The debt snowball method, popularized by Dave Ramsey, is a debt repayment strategy focused on motivation and quick wins. Instead of prioritizing debts by interest rate, you tackle the smallest debt first, regardless of its interest rate.
Here’s how it works: List all your debts, excluding your mortgage, from smallest balance to largest. Make minimum payments on all debts except the smallest one. Throw every extra dollar you can find towards that smallest debt until it’s completely paid off. Once that first debt is vanquished, take the money you were putting towards it and apply it to the next smallest debt. This creates a “snowball” effect, as the amount you’re applying to each subsequent debt grows larger and larger.
The psychological power of the debt snowball is undeniable. Knocking out a small debt quickly provides a much-needed boost, proving to yourself that you can indeed become debt-free. This momentum fuels your motivation to continue, even when faced with larger, more daunting debts. Seeing tangible progress early on can be crucial, especially for those who feel overwhelmed by their debt.
While the debt snowball shines in its motivational aspect, it’s important to acknowledge its financial drawbacks. Because it ignores interest rates, you might end up paying more in interest overall compared to other methods, like the debt avalanche. The debt avalanche prioritizes debts with the highest interest rates, leading to the fastest and cheapest debt payoff in the long run.
For example, imagine you have two debts: a $500 credit card with a 20% interest rate and a $2,000 personal loan with a 10% interest rate. The snowball method would have you focus on the $500 credit card first. The avalanche method, however, would target the credit card first as well, as it has the higher interest rate, leading to less interest paid in the long run. However, if you have a $500 credit card and a $20,000 student loan, the snowball method would advocate for paying off the credit card first.

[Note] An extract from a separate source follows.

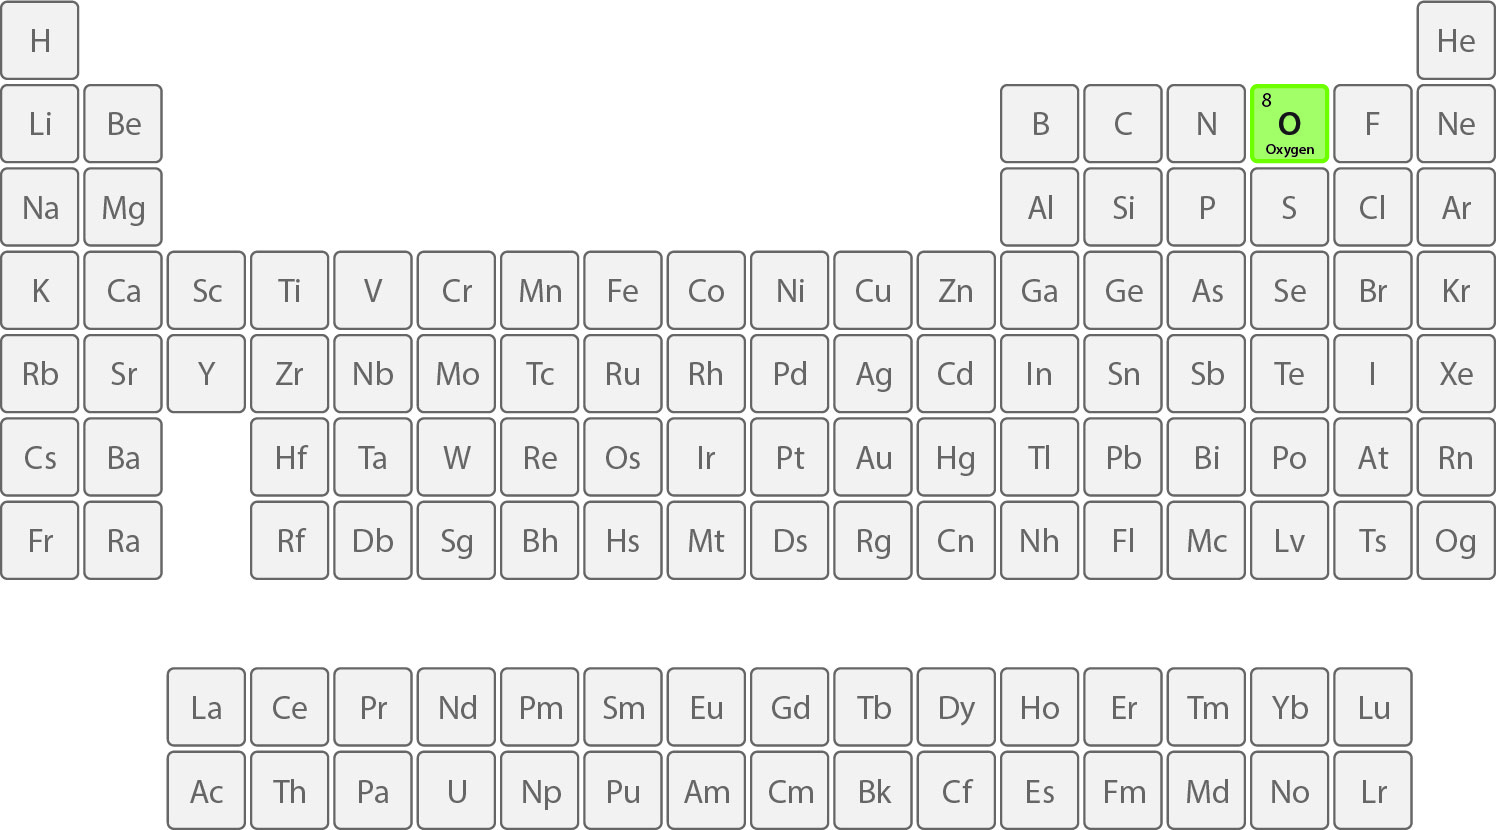 Oxygen on the periodic table

Ultimately, the best debt repayment strategy depends on your personality and financial situation. If you struggle with motivation and need to see quick results to stay on track, the debt snowball might be the right choice for you, even if it means paying slightly more in interest. If you’re more financially disciplined and focused on minimizing costs, the debt avalanche might be a better fit.
Before committing to any debt repayment method, it’s wise to carefully evaluate your debts, interest rates, and personal financial habits. Consider using a debt payoff calculator to compare the costs and timelines of different strategies. The most important thing is to choose a plan that you can stick with and that will ultimately lead you to financial freedom.